▶ _Work instructions_:
What needs reproducing is the run of lines in the data below starting at the line with "Bags Designs Templates...♥" and ending at the line with "Music Images - Public", both ends included. Copy it exactly, without pictures, and add nothing.

▶ _Material provided_:
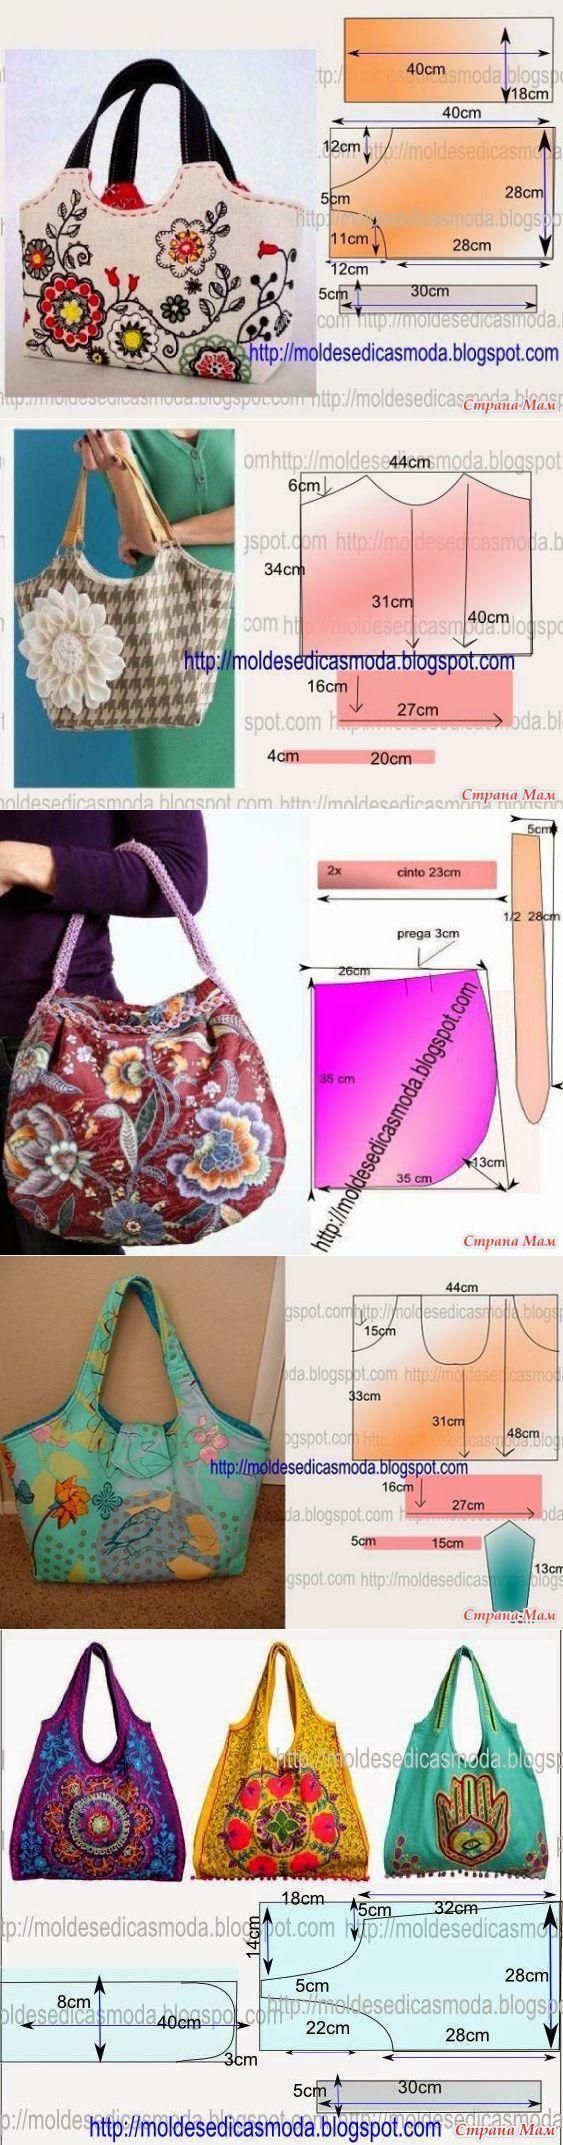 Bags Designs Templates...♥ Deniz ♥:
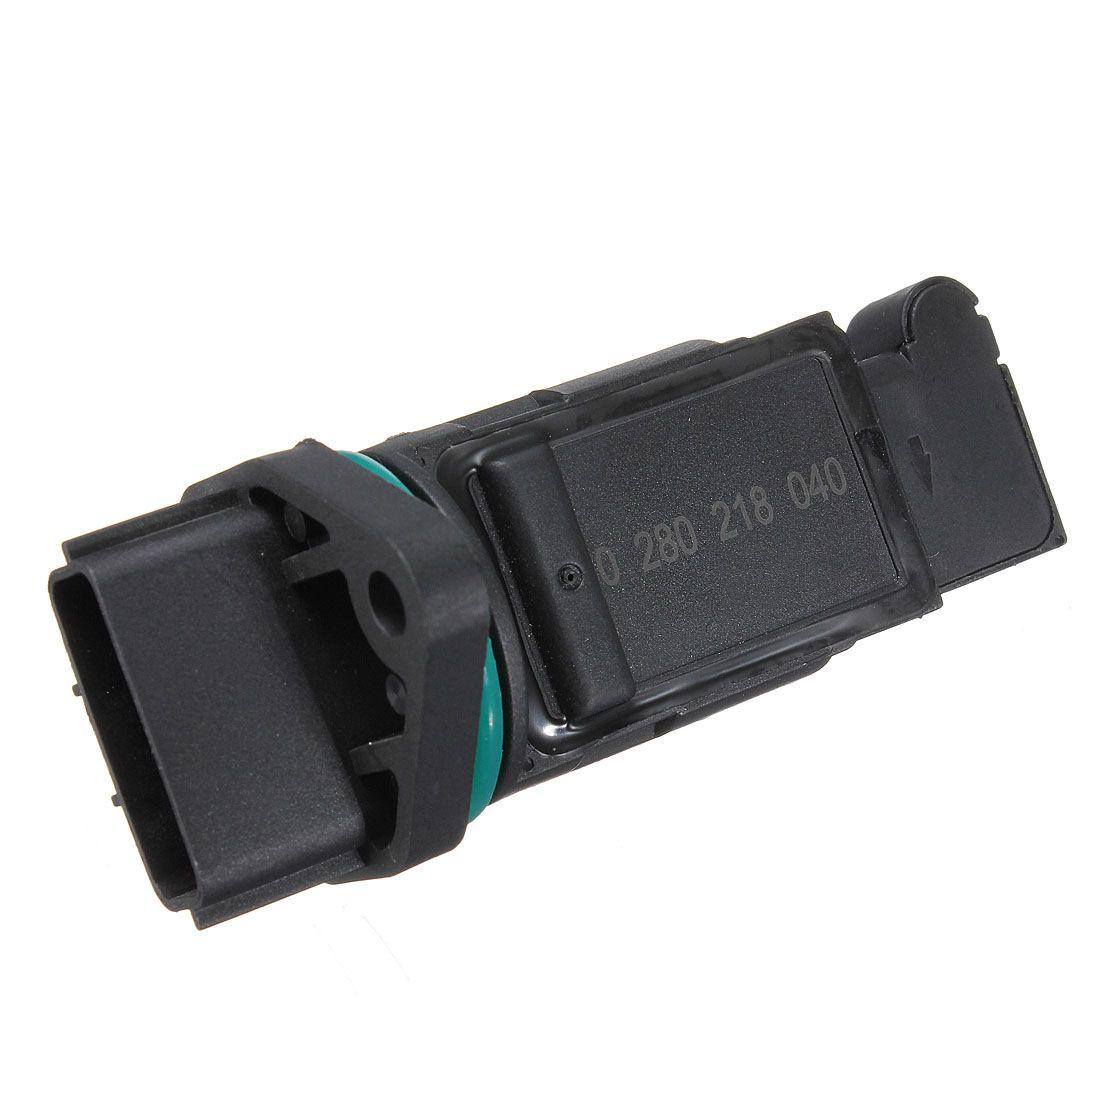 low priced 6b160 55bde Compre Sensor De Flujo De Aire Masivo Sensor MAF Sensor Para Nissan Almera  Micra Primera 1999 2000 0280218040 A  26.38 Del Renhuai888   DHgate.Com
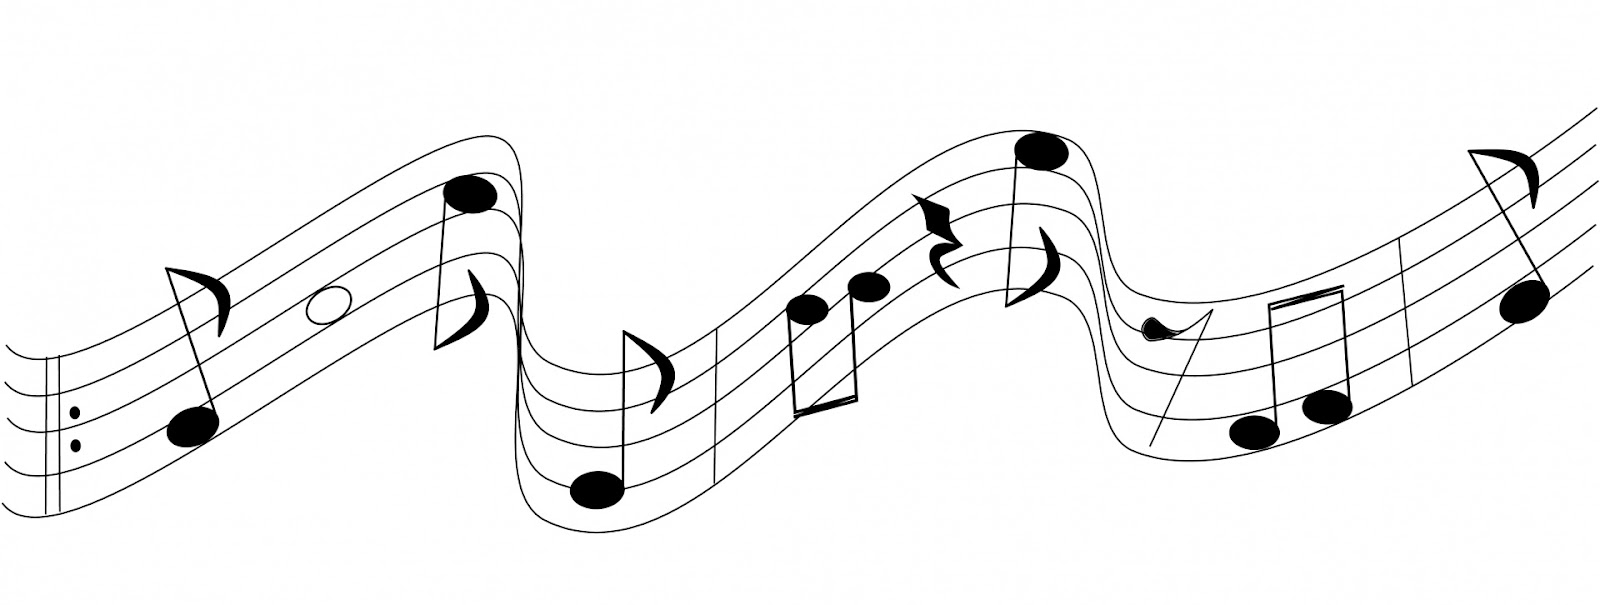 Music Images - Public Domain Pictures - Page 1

...

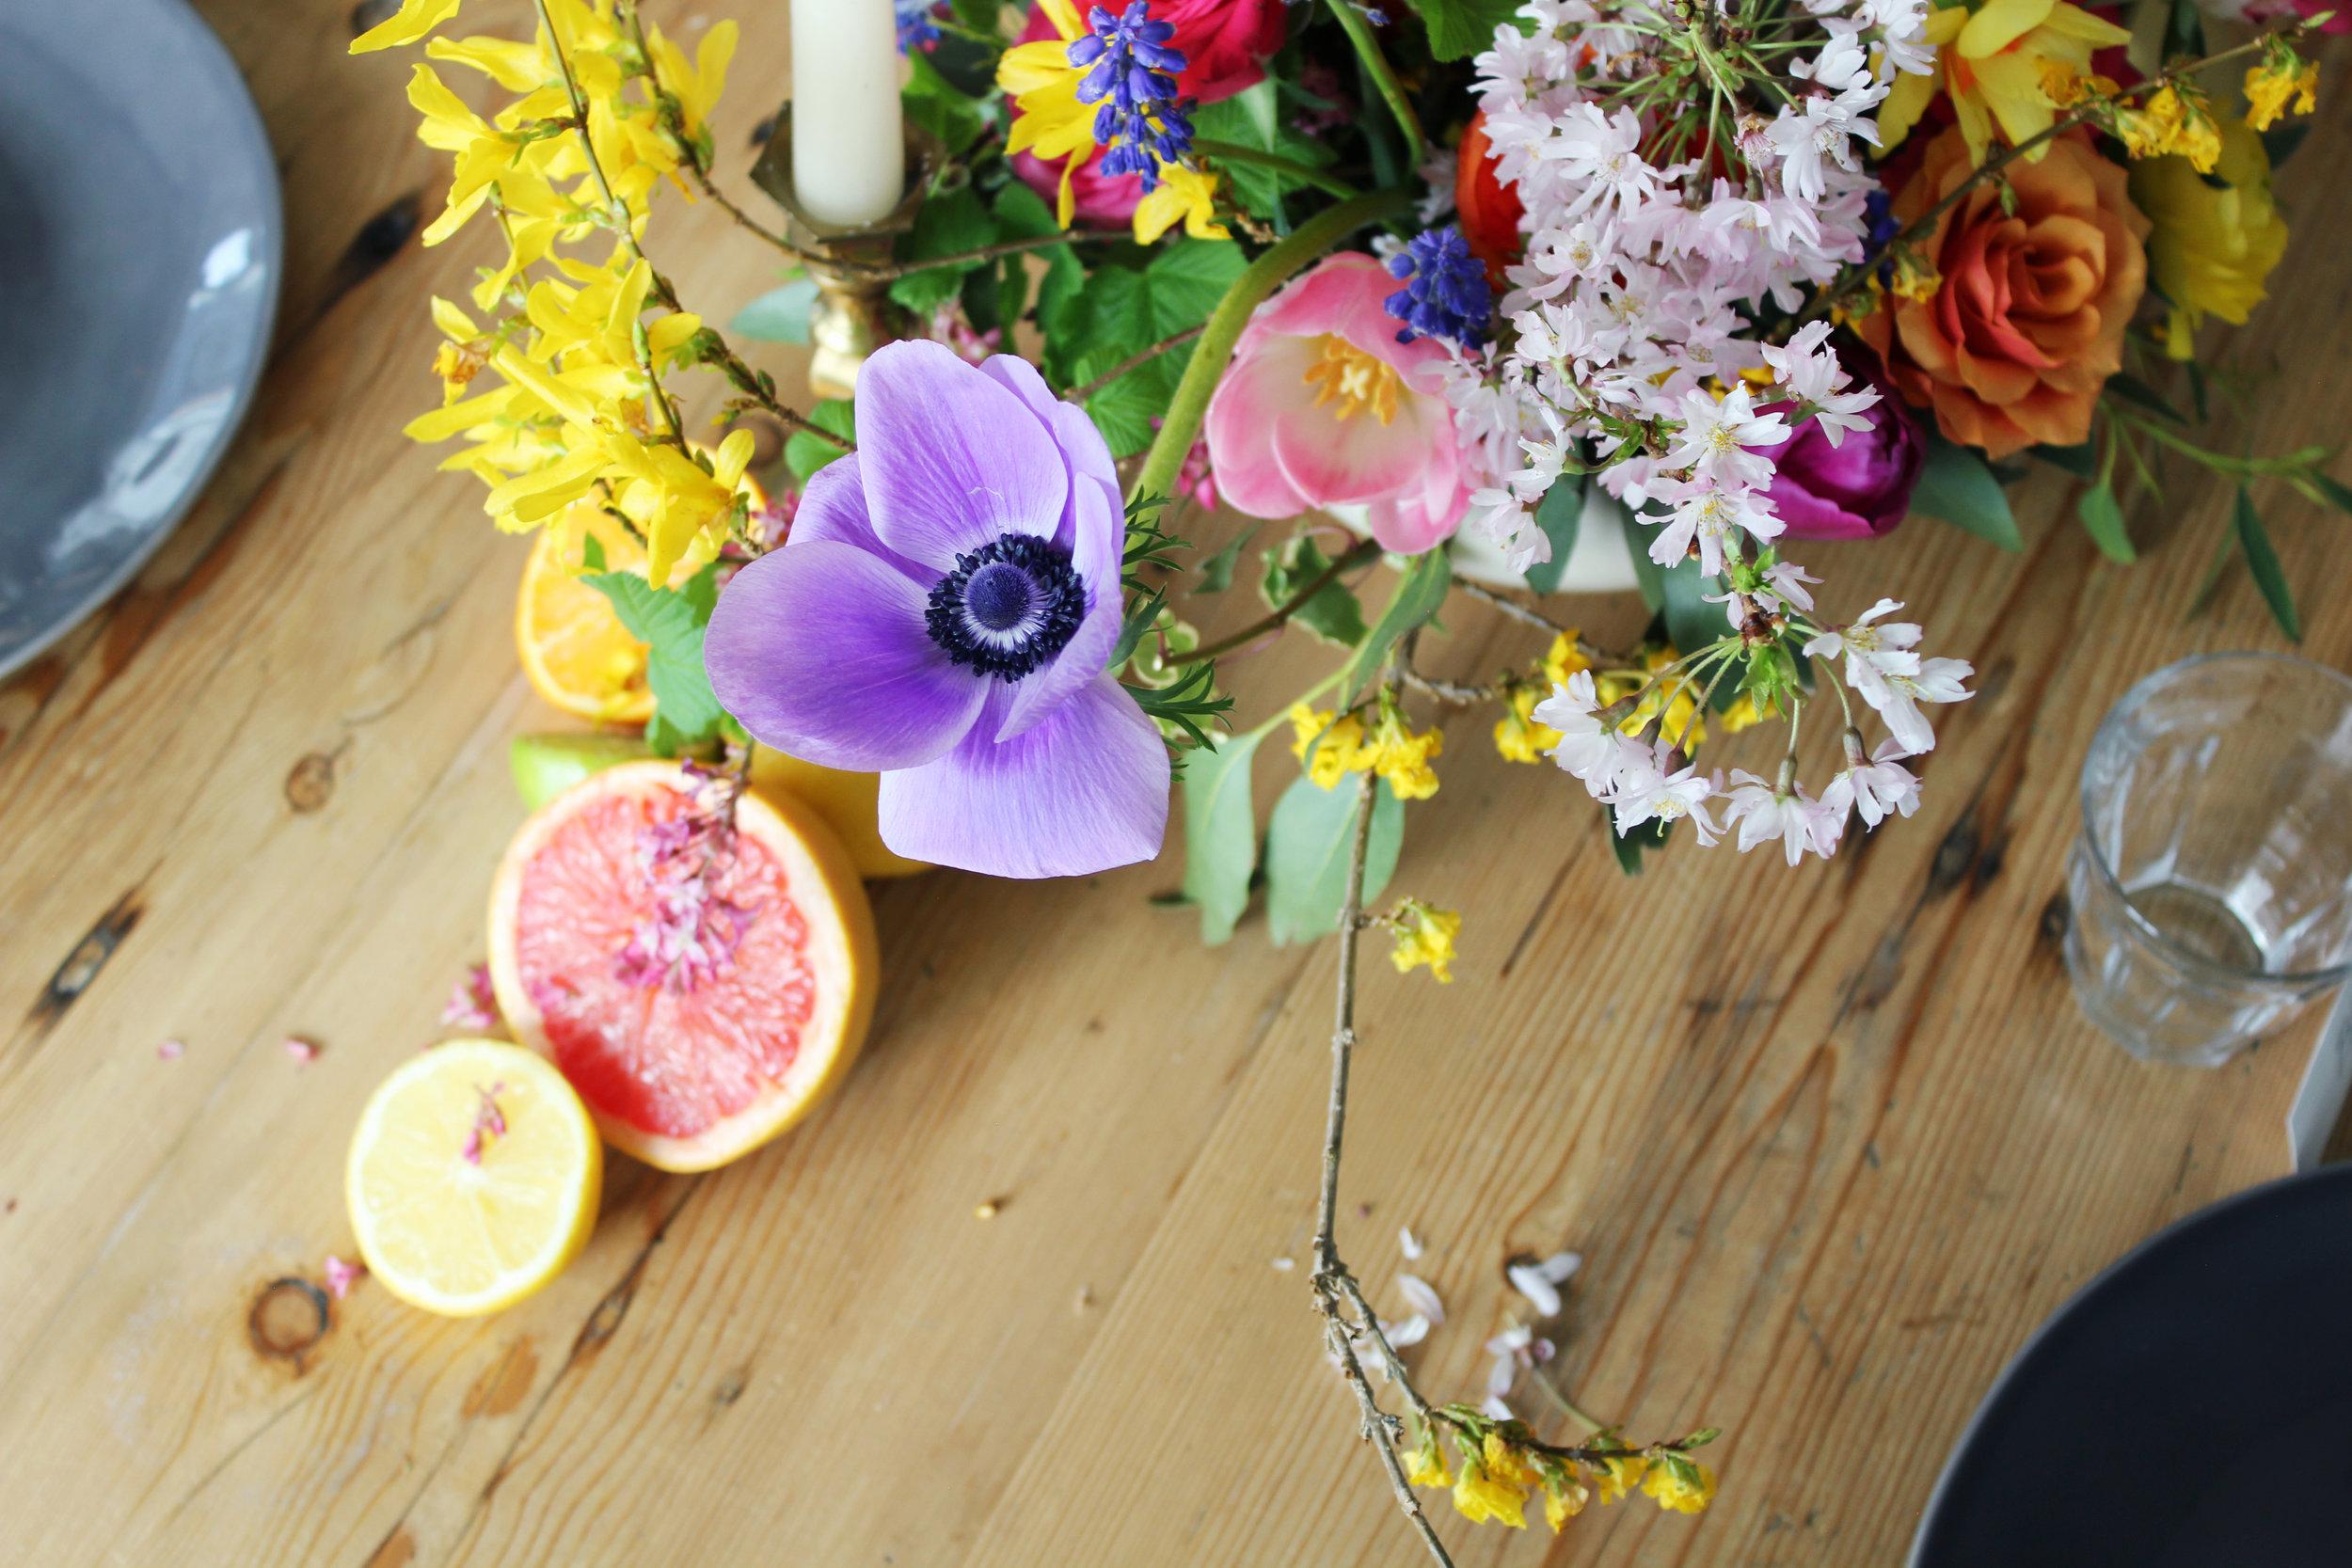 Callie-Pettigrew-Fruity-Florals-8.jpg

...

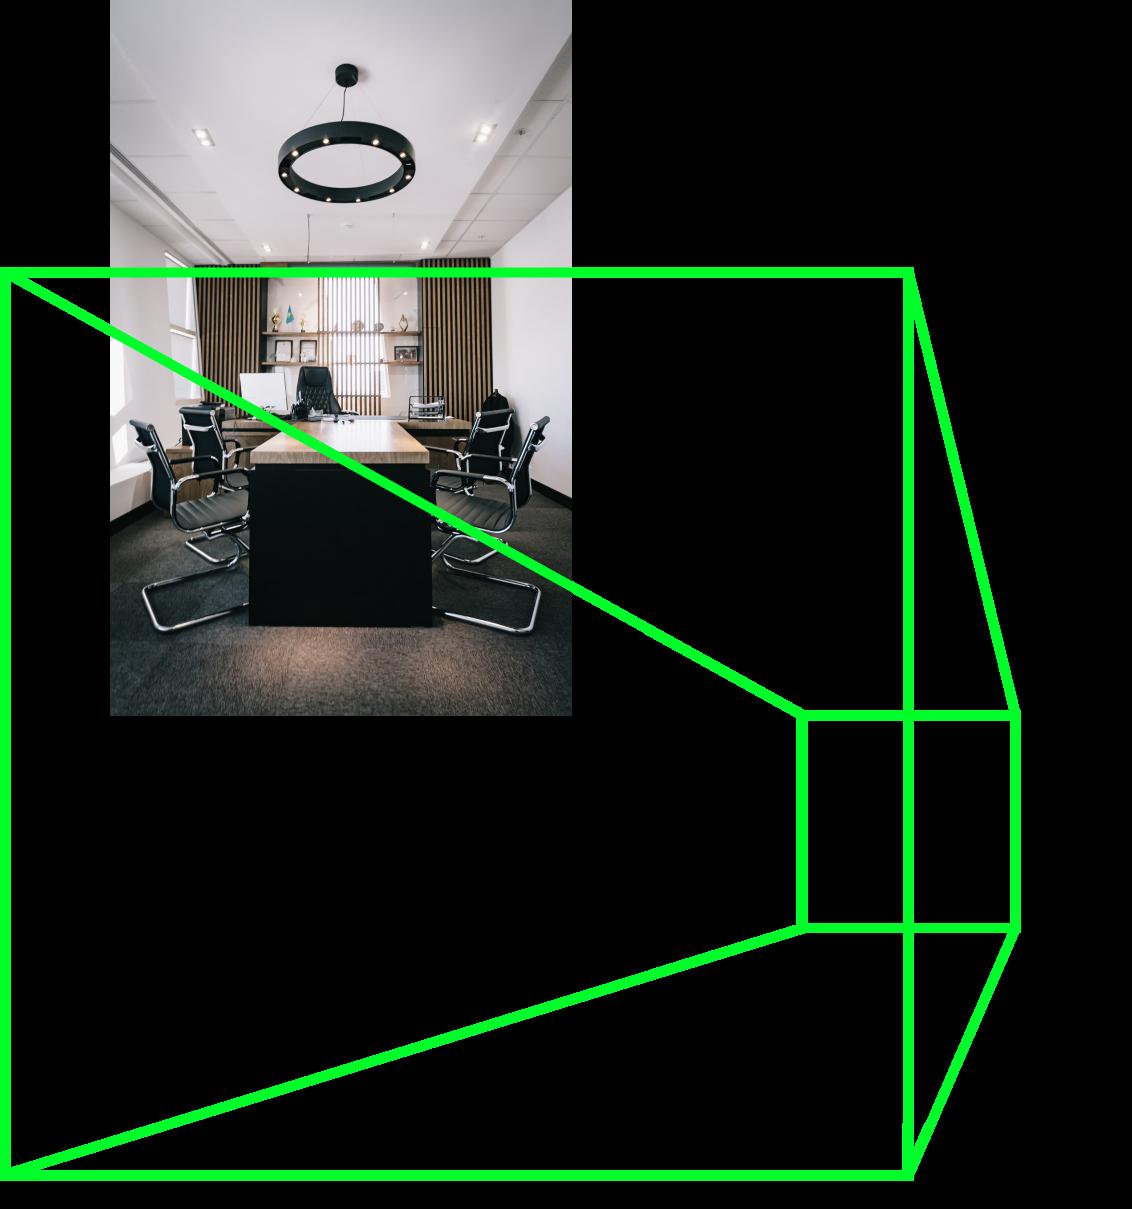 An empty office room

▶ _Response area_:
 Bags Designs Templates...♥ Deniz ♥:
 low priced 6b160 55bde Compre Sensor De Flujo De Aire Masivo Sensor MAF Sensor Para Nissan Almera  Micra Primera 1999 2000 0280218040 A  26.38 Del Renhuai888   DHgate.Com
 Music Images - Public Domain Pictures - Page 1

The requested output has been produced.